El religioso deplora la pobreza en Haití y culpa a la deforestación, el éxodo rural y la inestabilidad política.

«El país no tiene recursos. Apenas dos mil millones de dólares para nuestro presupuesto anual, mientras que los estadounidenses gastan seis mil millones para una elección», comparó.

Desde el viernes, alimentos provenientes de la capital del país, Puerto Príncipe, son distribuidos con dificultad en los barrios afectados del Cabo Haitiano. Unos «7.500 kits, canastas de solidaridad, 3.500 platos calientes son servidos por día», explicó Klaus Eberwein, director del organismo gubernamental al frente de las operaciones de socorro.

«Vamos a distribuir en todas las zonas inundadas. Llegarán pronto mantas y colchones», dijo.

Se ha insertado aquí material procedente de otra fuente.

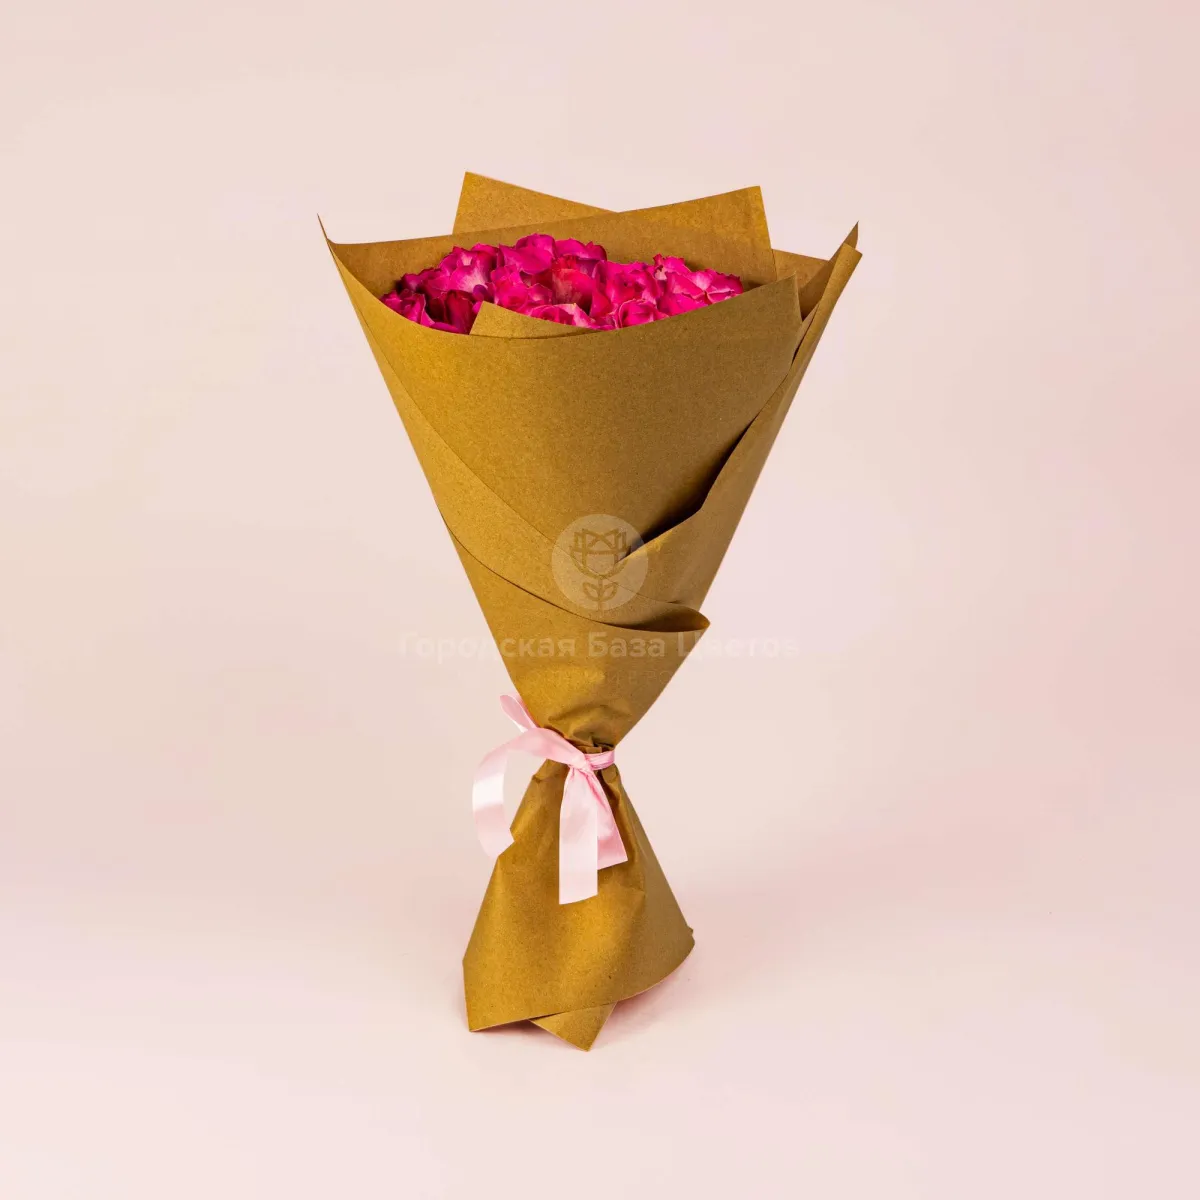 29 ярко-розовых роз (60см)
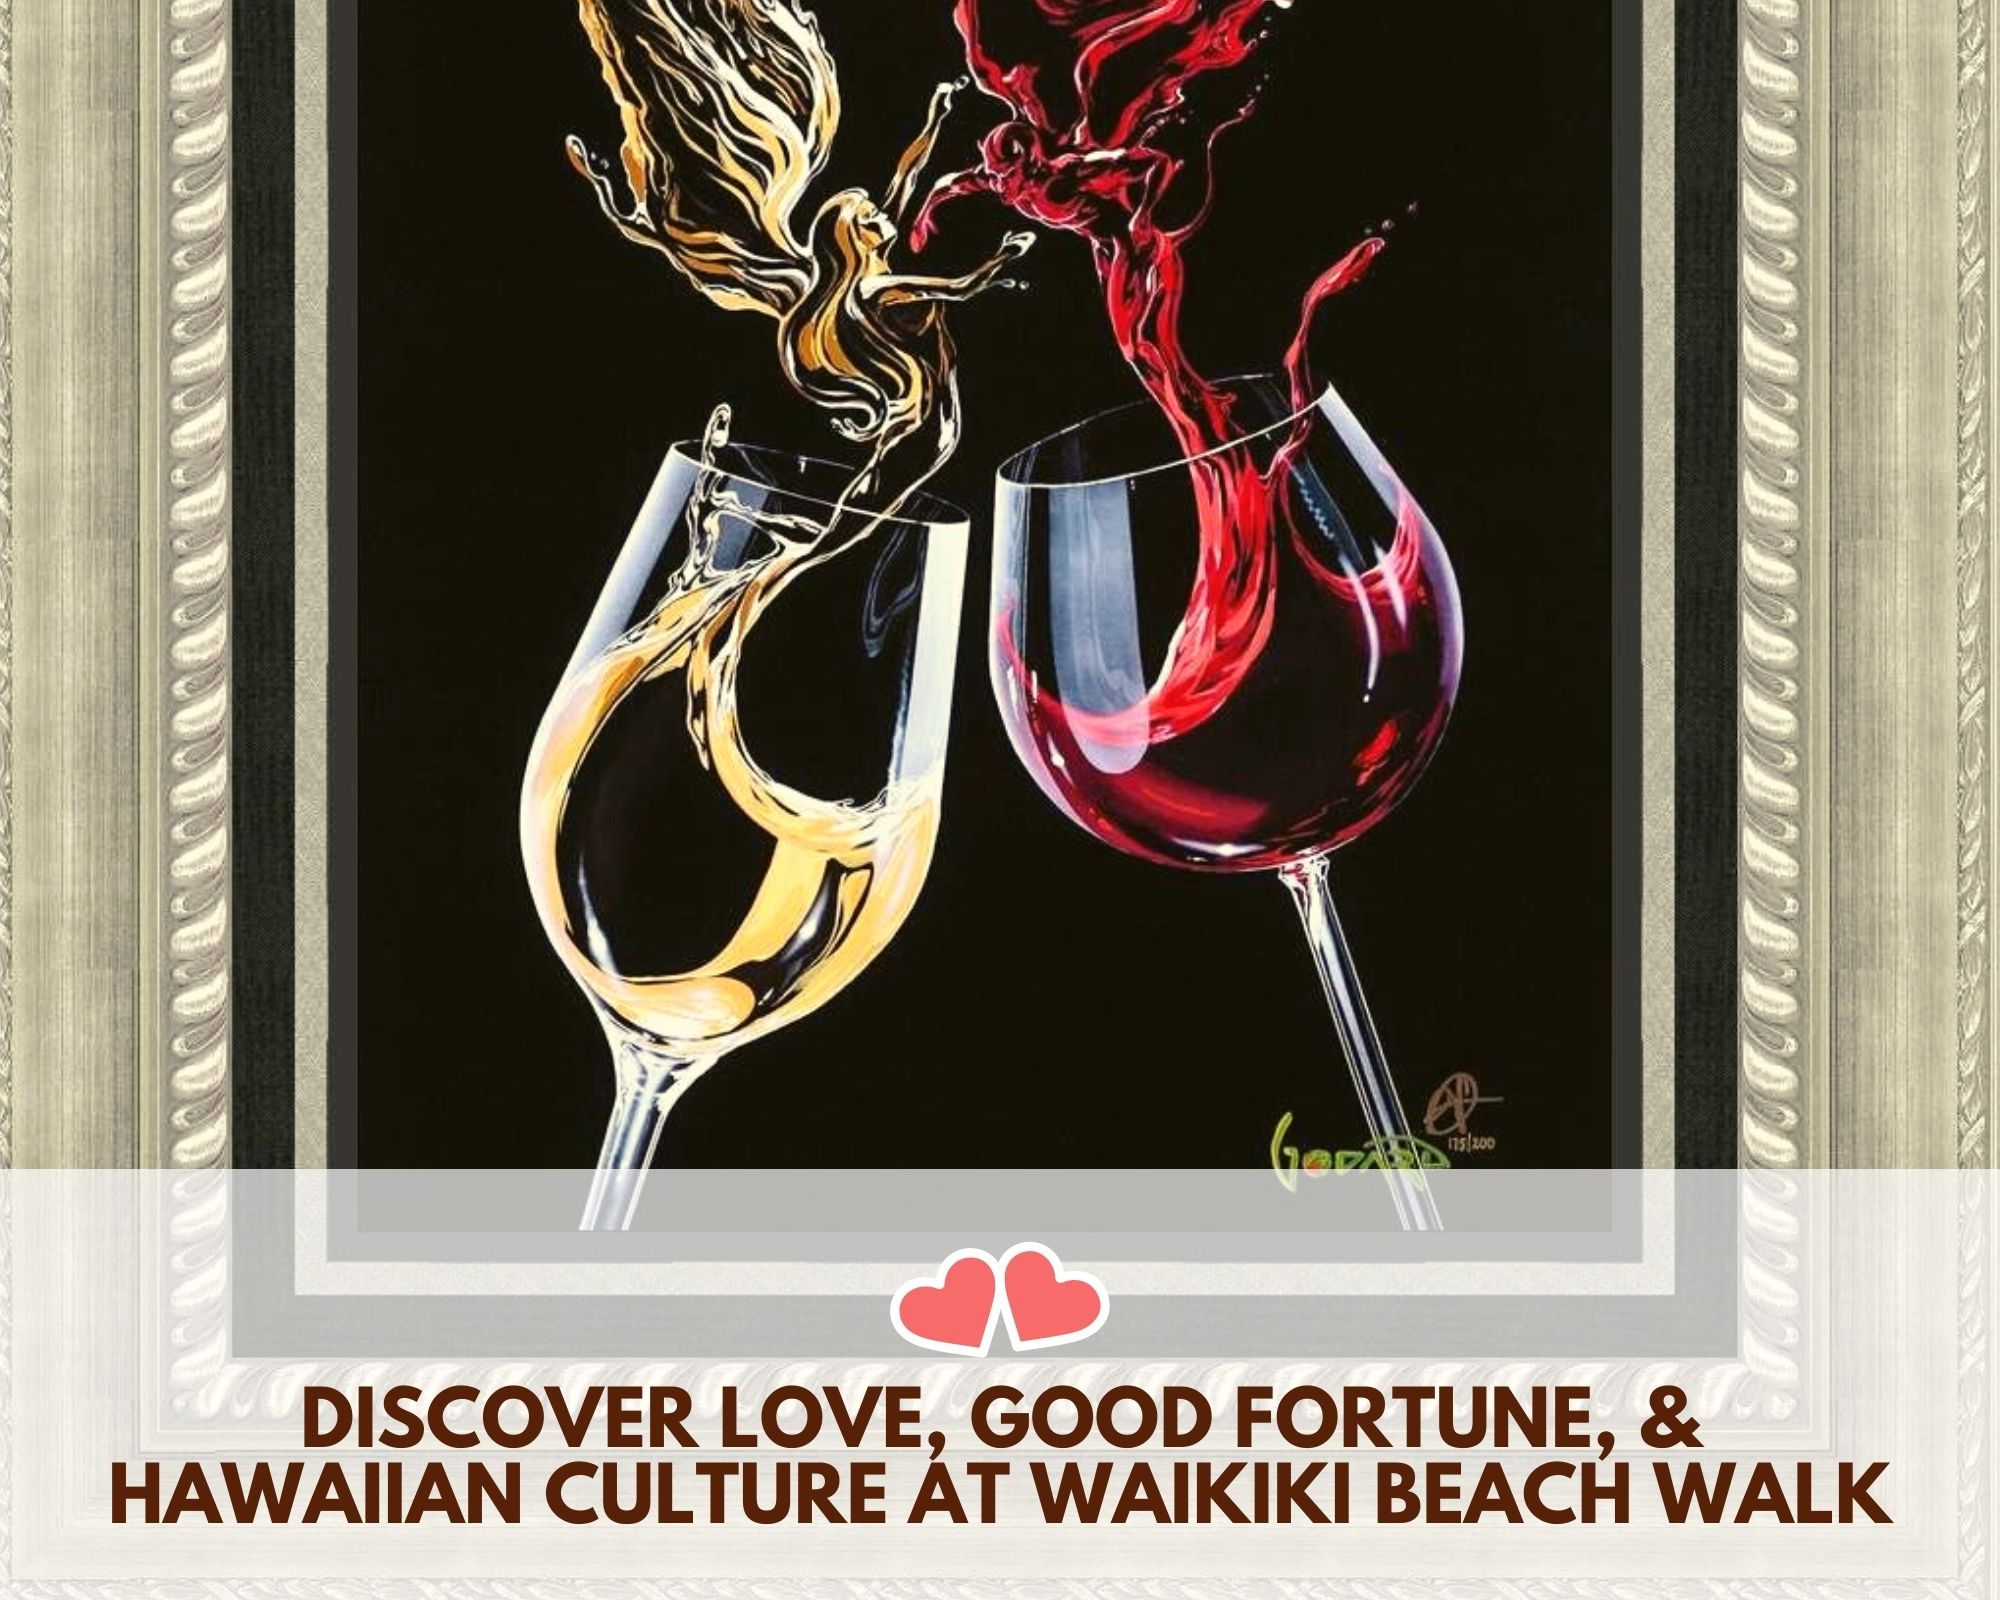 Discover Love, Good Fortune, & Hawaiian Culture at Waikiki Beach Walk

Pero la gente está impaciente y el descontento se escucha. «En todo este tiempo no hemos visto a las autoridades. Ahora bien, no queremos más discursos, queremos acciones concretas», se quejan los habitantes.

En la multitud, los afectados interpelan a las autoridades. «Tenemos dos intervenciones principales: asistencia de emergencia yun programa integral de prevención para evitar lo peor», contesta el diputado Kenston Jean Baptiste junto al alcalde adjunto Réginald Guerrier.

«¿Pero cuándo va a cambiar nuestra situación?», lanza un hombre joven, en vano. Más lejos, una mujer prefiere dirigirse a Dios: «tenemos esperanza sólo en Él».